Я жил в суровый век — страница 96 из 100

Чтобы пробраться в лес, нам надо было сперва пересечь открытую лужайку длиной метров десять, но на хуторе ни одно из окон не выходило в ее сторону… «И если только немцы подойдут к дому с фасада, а еще лучше — войдут внутрь и задержатся там хотя бы пять-семь секунд, мы будем спасены…»

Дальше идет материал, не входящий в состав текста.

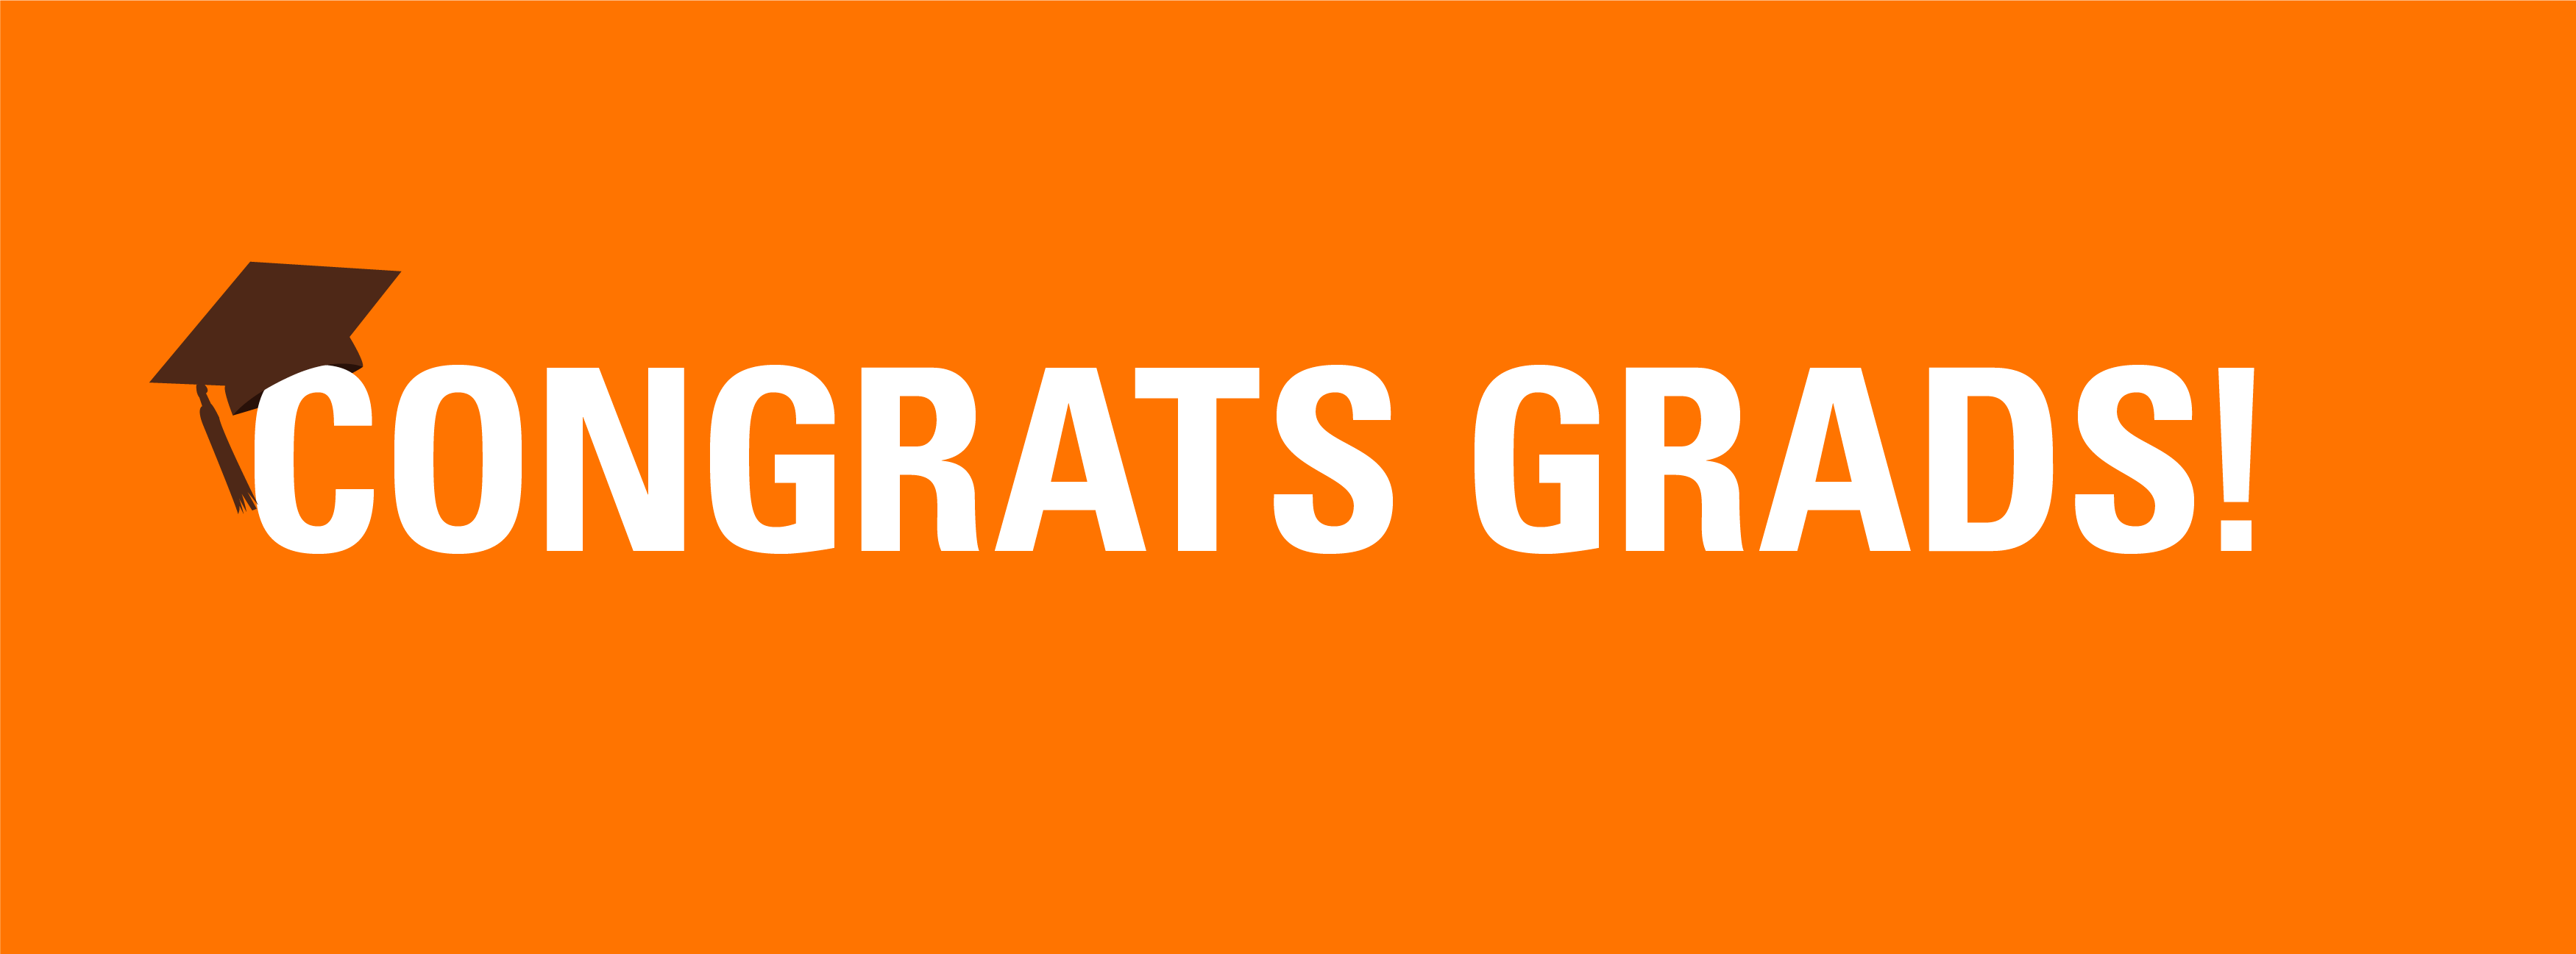 Congrats-Grad-Orange
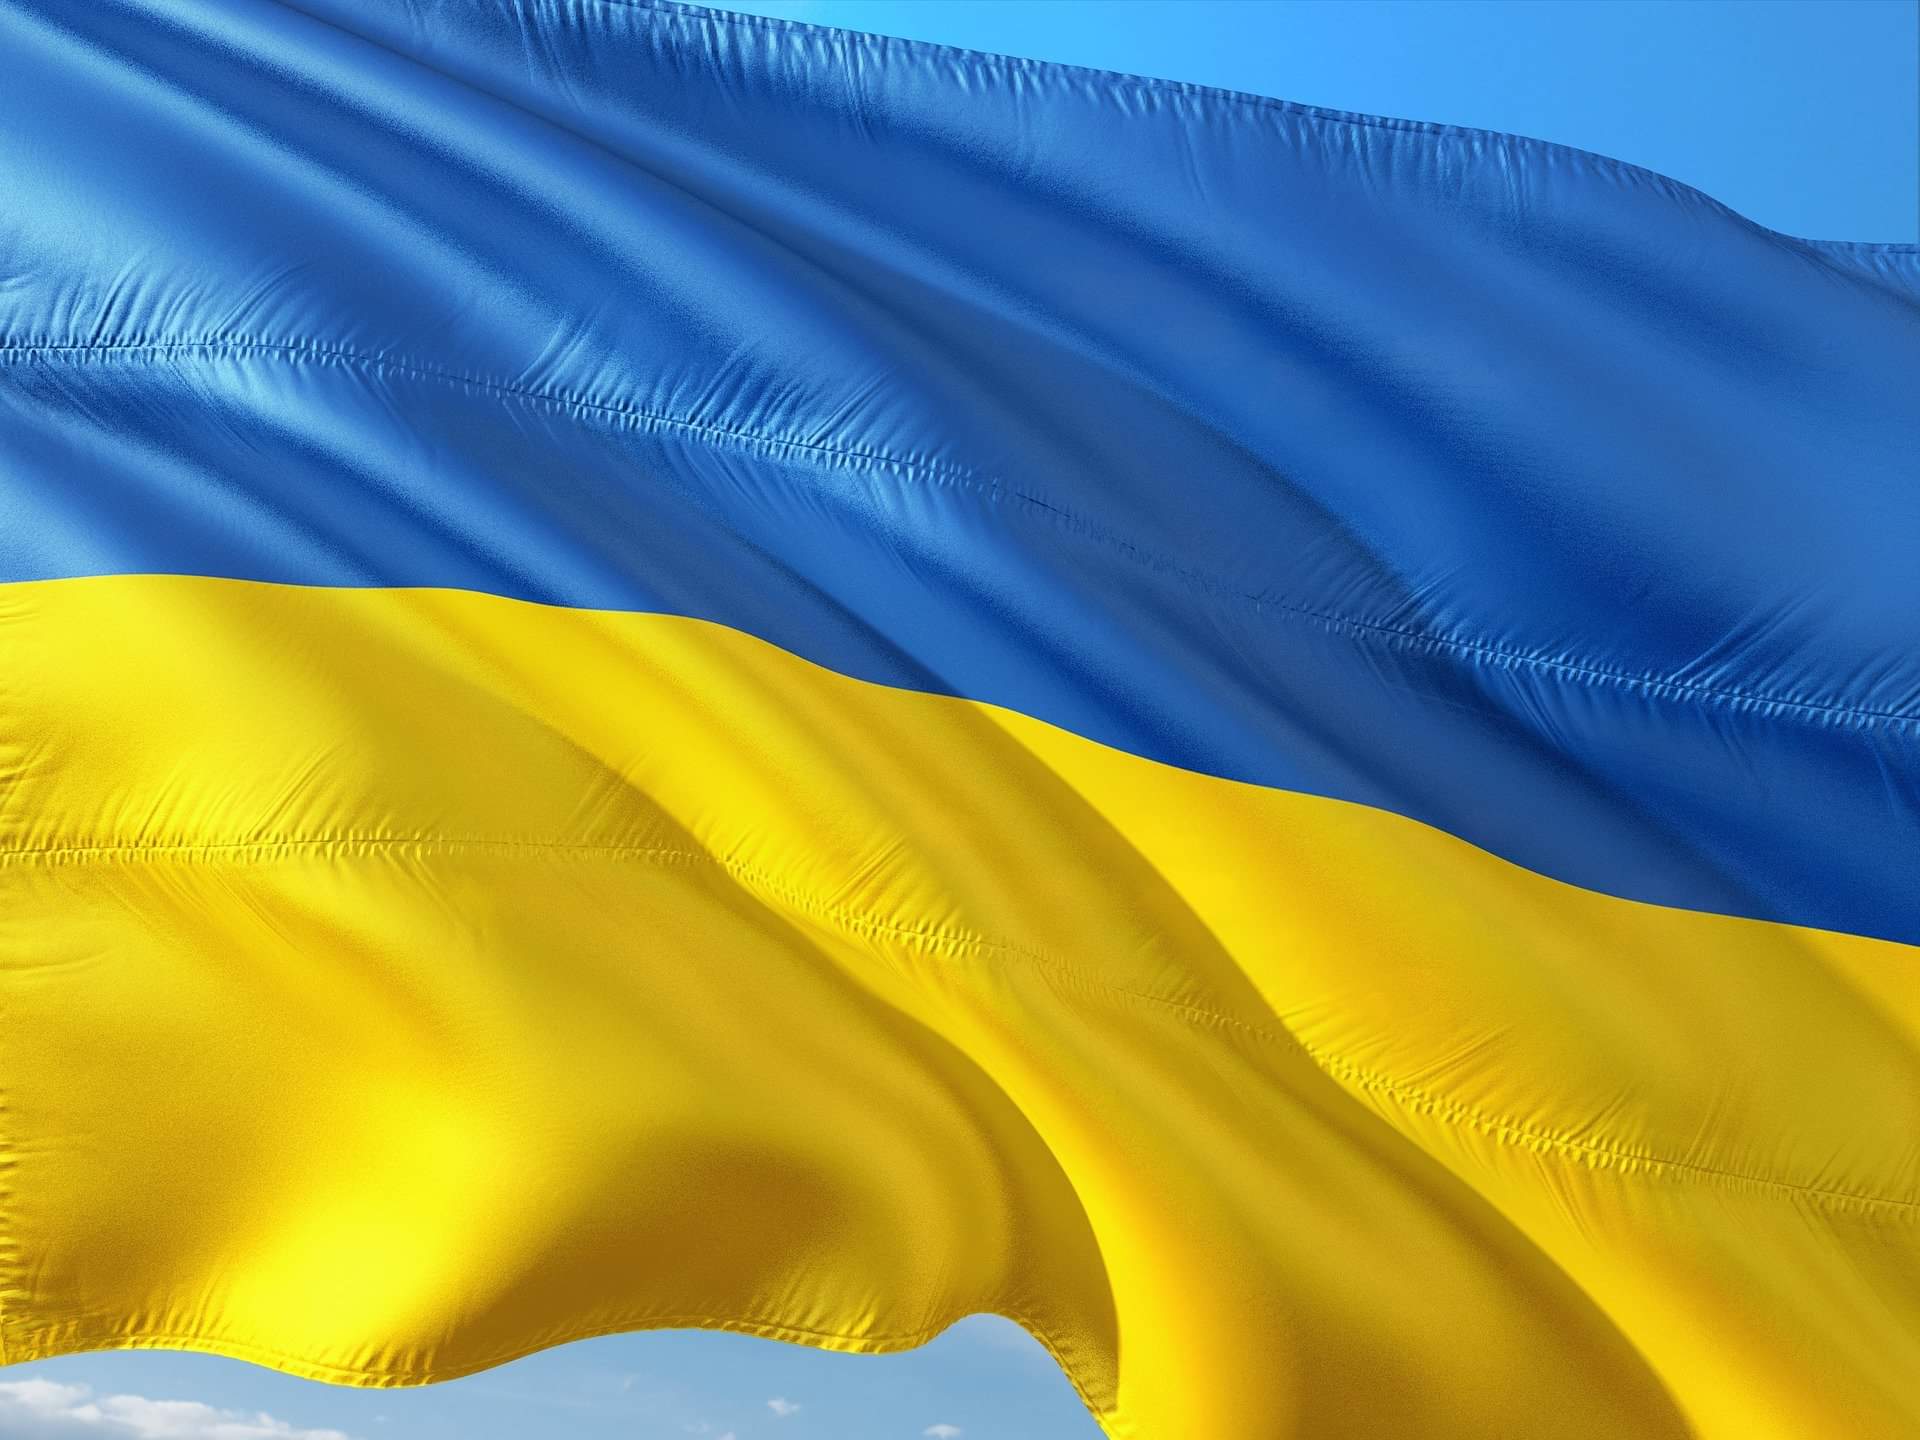 #SOLIDARNI Z UKRAINĄ

Я опустил левую руку на затылок Герды и придерживал ее, боясь, как бы она не вскочила и не бросилась вдруг бежать. Она лежала, глядя в землю — на вереск, на тоненькие зеленые стебельки, пробивавшиеся среди жухлой травы, и слезы струились по ее лицу, и болезненно сжался запавший рот, а солдаты зашагали к хутору, и я на мгновение закрыл глаза, и услышал стук собственных зубов, и пытался что-то сказать, но тут один из немцев что-то прокричал, и, когда я открыл глаза, двое повернули назад и возвратились на прежнее место. Одним из них был солдат с пулеметом.

Они сели в траву, положив к себе на колени оружие, и тот, что сидел поближе к нам, закурил сигарету, а другой ничего не делал: он просто сидел, придерживая обеими руками пулемет, и оглядывался вокруг, пока не примечал на небе какое-нибудь облако причудливой формы или еще что-нибудь в этом роде.

«Мне ничего не стоит убрать обоих, — думал я, отлично понимая, что это бред, — я могу подстрелить их отсюда, найти опору для автомата нетрудно, Герда притаится здесь, а я добегу до них и возьму пулемет. До них всего каких-нибудь двадцать — двадцать пять метров, и все это дело займет считанные секунды, а когда остальные ринутся сюда из-за угла… нет, это чистейшее безумие, у меня нет никаких шансов на успех. Ведь пулеметный диск скорее всего у напарника, и пока я отыщу его, и заряжу пулемет, и поверну его, и нажму на спусковой крючок…»

— Герда, — прошептал я, — встань и возьми пистолет, мы попытаемся пройти к ручью. Может, они нас не заметят.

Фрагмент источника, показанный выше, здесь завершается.